Modelling 3: Understanding the model

It is incredibly easy to produce models by just putting data through a set of algorithms and picking some that perform best on some select criteria; however, pattern recognition algorithms can be very sneaky, and strive to find the easiest route to optimal performance. It is, therefore, important to understand if the resulting models are:

leveraging all the information given or relying lazily on particular aspects of the data.
biassed in a way that can affect a particular subset of the test data, whether this is applied to people, locations, incidents.
just not addressing particular tough, rare and very important cases, and are instead relying on easy wins on more numerous instances. a

By analysing the model performance on the development dataset you can learn about how the model is performing and learn how patterns in your data affect the performance.

You should establish parameters for realistic performance, for example, by checking how well people do at your task:

Using ablation techniques, or using interpretability packages, model visualisation, and probative testing, as well as manual inspection of the errors can all help.

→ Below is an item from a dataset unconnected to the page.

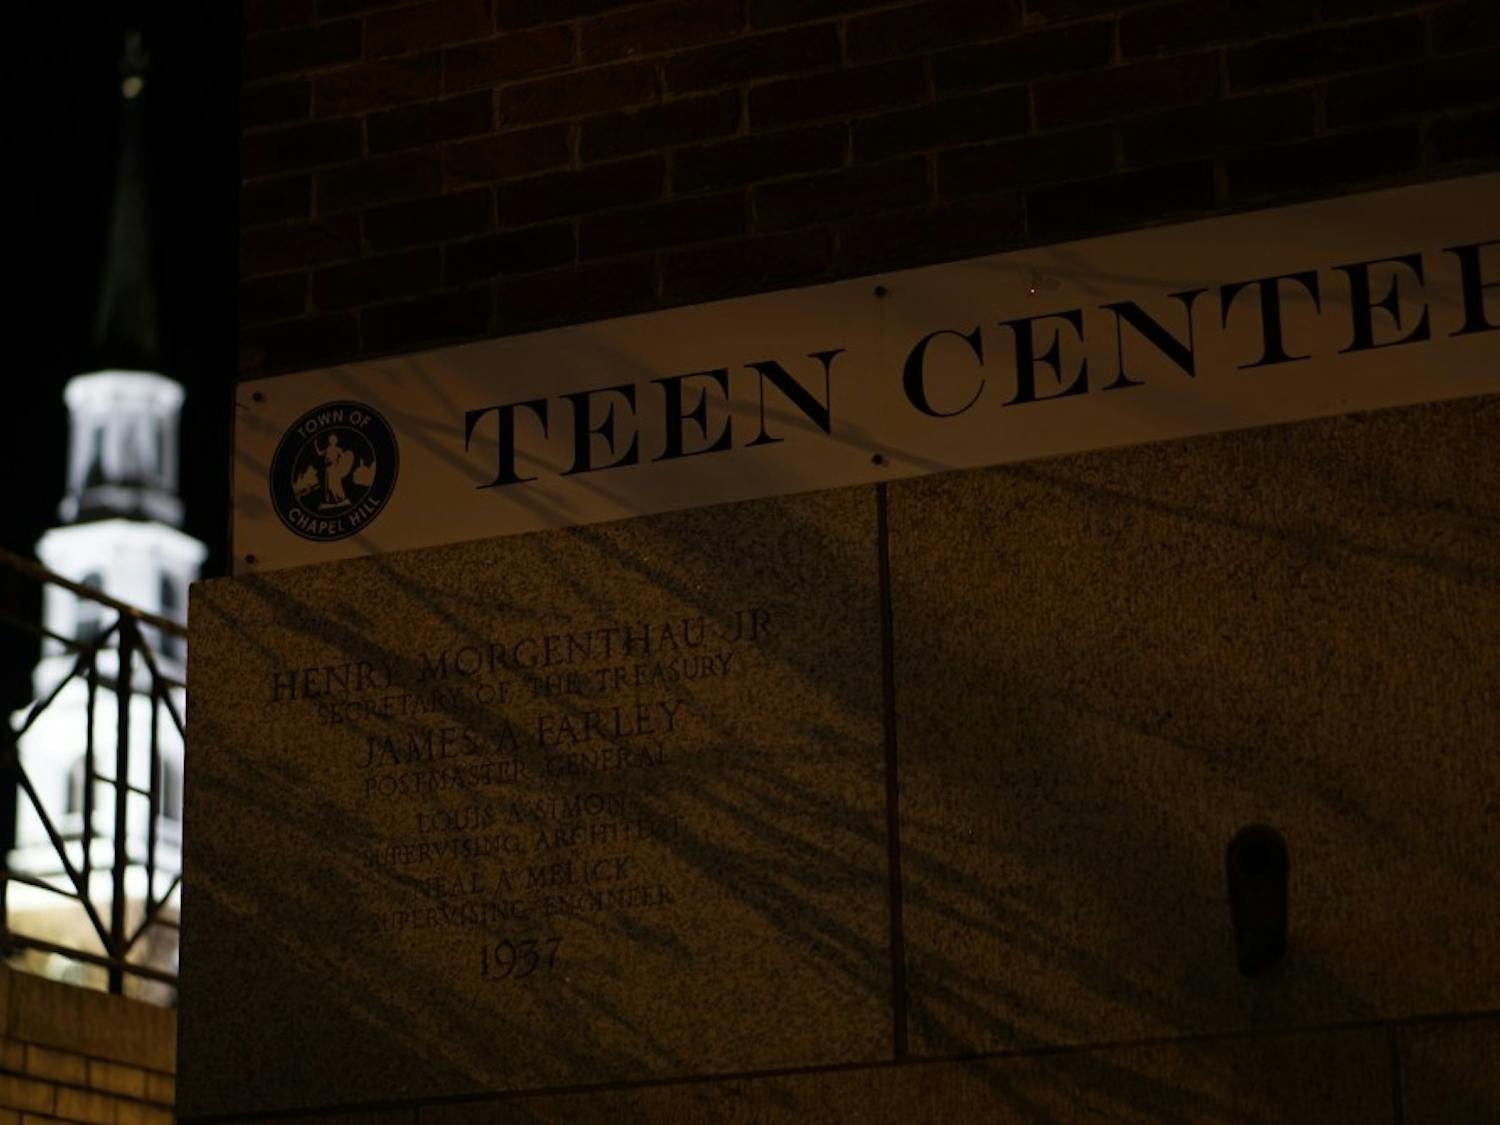 The Chapel Hill Town Council hopes to make improvements by engaging more youth in the community by utilizing resources like the Teen Center on 179 E Franklin St.

Some examples include:

About explainability: Picking an explainability technique | by Divya Gopinath | Towards Data Science
Attention layer visualisation: Explainable AI: Visualizing Attention in Transformers - Comet
Explainability tools: Building Trust in your ML Models — Explainability | by Matt Maufe | Filament-Syfter | Medium Explainable AI, LIME & SHAP for Model Interpretability | Unlocking AI's Decision-Making | DataCamp
Explainability in time series: [2104.00950] Explainable Artificial Intelligence (XAI) on TimeSeries Data: A Survey
In geospatial: The challenges of integrating explainable artificial intelligence into GeoAI - Xing - 2023 - Transactions in GIS - Wiley Online Library

It is important to understand the behaviour of your model with respect to protected characteristics of gender, race, and socioeconomic status. These must be recorded, the sources and reasons analysed, corrected if possible, or justified if not. If the algorithm is to be used in conjunction with human decision making these issues need to be clearly delineated and should inform how the model is deployed.